Aruba Wireless Networks of San Jose, Calif., this week announced an RF management application called RF Director that will work with the company’s line of wireless LAN switches. The program will accept plug-ins, including some announced by the company as well as future plug-ins developed by third-parties.
“The motivation for this application is the fact that enterprises don’t have any view into the RF environment,” says Keerti Melkote, co-founder and vice president of product management and marketing at Aruba. “But RF is where the wireless LAN lives. It’s a throw back to the early wired network — you didn’t know if you had a problem on the PC or on the backend, so it was always the network to blame.”
He cites the lack of control over an RF environment as a reason for using the Director platform. The company says from the Director dashboard, with the right plug-ins for functionality, the network administrators can tackle everything from planning access point deployment without a site survey to monitoring the RF activity of the network to troubleshooting or gather traffic statistics. Gathered data can be analyzed in the software, and used in the process of calibrating the RF environment run by the Aruba switch.

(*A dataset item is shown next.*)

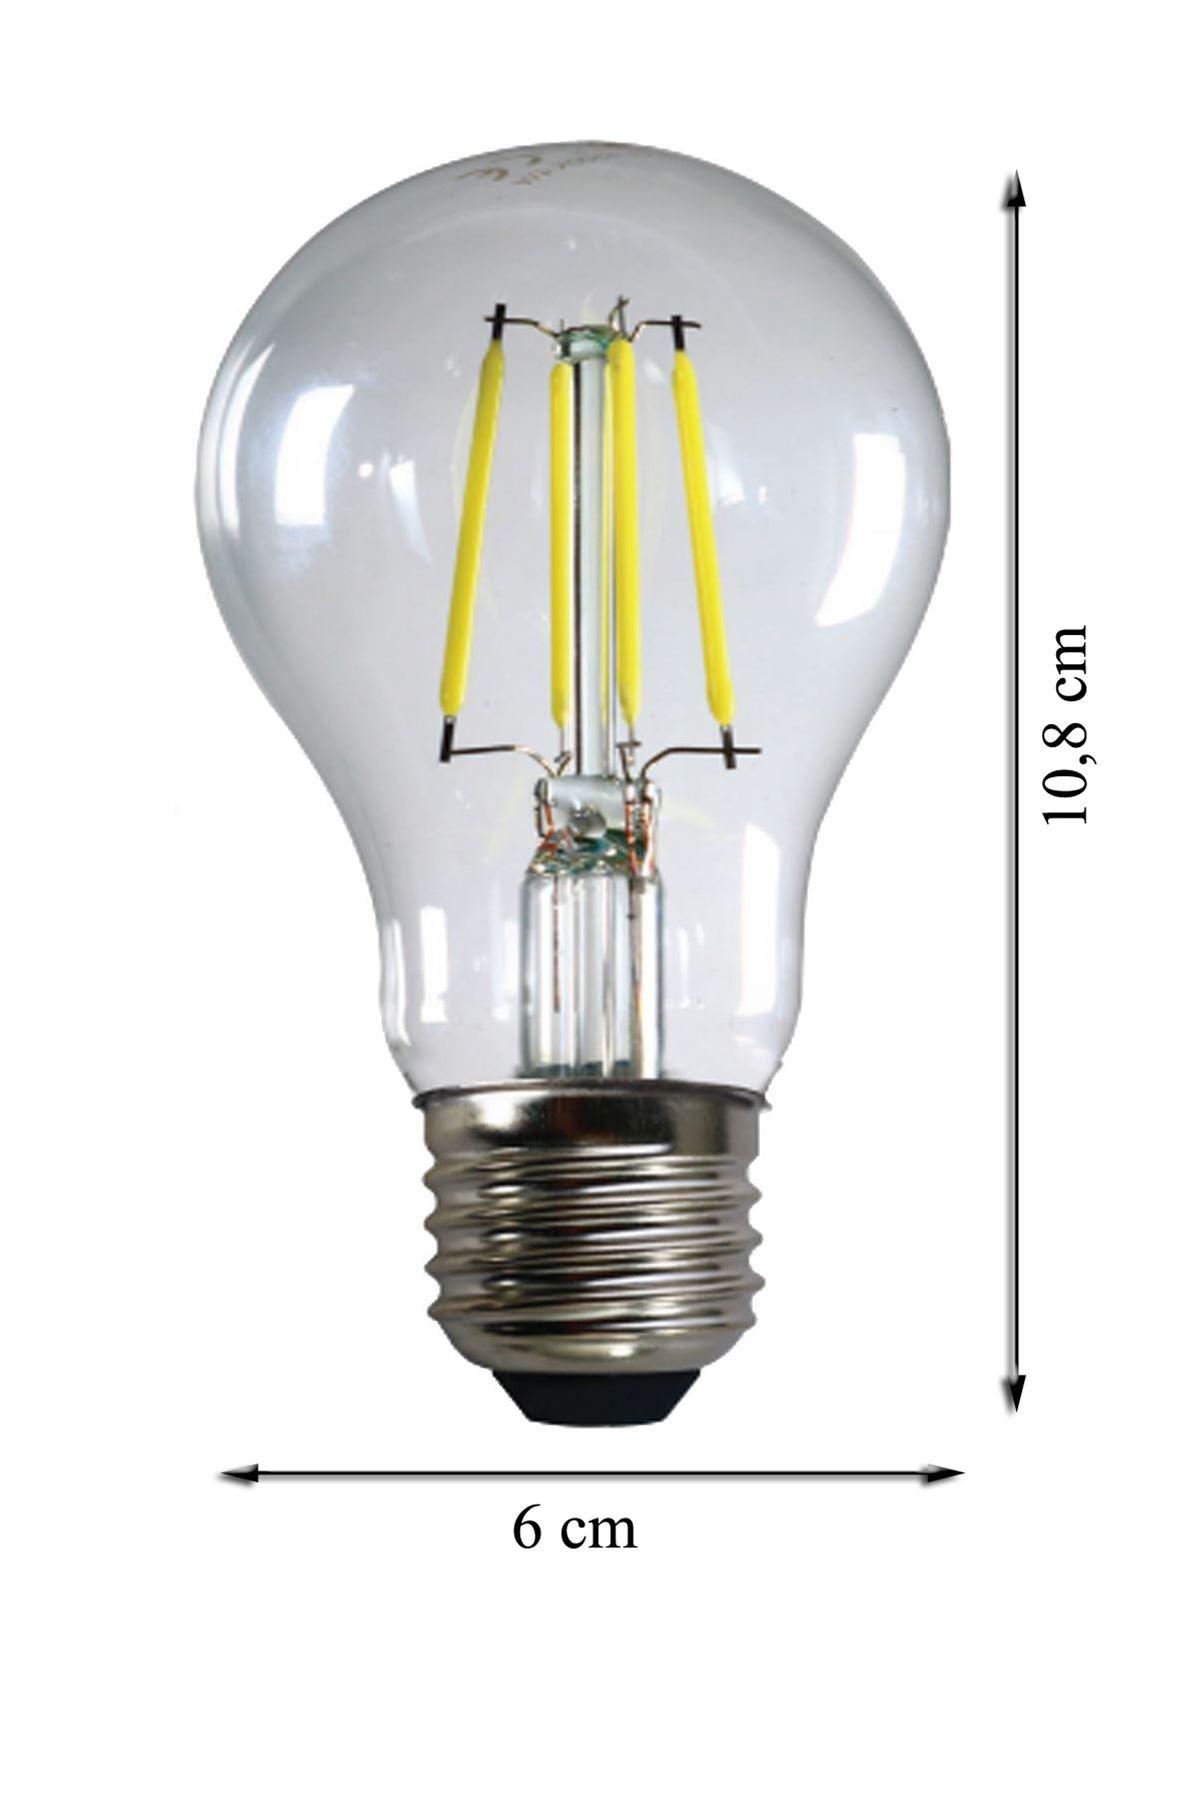 HEKA  E27  6 Watt Beyaz Işık Standart Tip Filament Edison Tip Rustik LED Ampül

Using the successful “Photoshop-approach,” RF Director will accept plug-ins. Aruba announced in conjunction with Director an RF Lock plug-in that handles security functions such as rogue access point detection, and uses some soon-to-be-patented algorithms that classify the rogue, and then, if necessary “destroy” it so it can’t get on the network.
“Everyone says they can detect rogues, but that’s just the beginning,” says Melkote. “Customers want the ability to shut them out.”
RF Lock will also handle “honeypot protection” so that clients only associate with valid access points and protects against any non-sanctioned access points from impersonating itself as a service of the enterprise WLAN. Same for client stations — no spoofing. RF Lock will come in bundles with Aruba switches and varying numbers of RF probes, the air monitoring hardware that tracks what’s happening in the RF environment.
Other announced plugs-ins will be RF Plan for quick site surveys and RF Analyze for real-time monitoring and packet capture that will detail stats about the whole network or drill down to a single client.
RF Director will also support third party plug-ins, and Aruba says the first to ship will likely be a version of WildPacket’s AiroPeek NX traffic analyzer.
The RF Director architecture is free and is integrated with the Aruba switches. Each individual module (RF Plan, RF Lock, and RF Analyze) will be priced at $10,000; RF Lock will also come in packages with an Aruba 5000 switch and 20 RF probes for $30,000, or with 5 probes for $15,000. The AiroPeek NX plug-in will be out in August and downloadable from WildPackets, but no price has been announced.
Aruba has shipped about 20 WLAN switch systems to customers since it’s inception — Melkote says they’re well out of the R&D phase of business — and last week announced a program called Wi-Fi It! where they will supply free wireless connectivity for users at tradeshows and conferences if the show meets Aruba’s requirements of multiple days and attendees.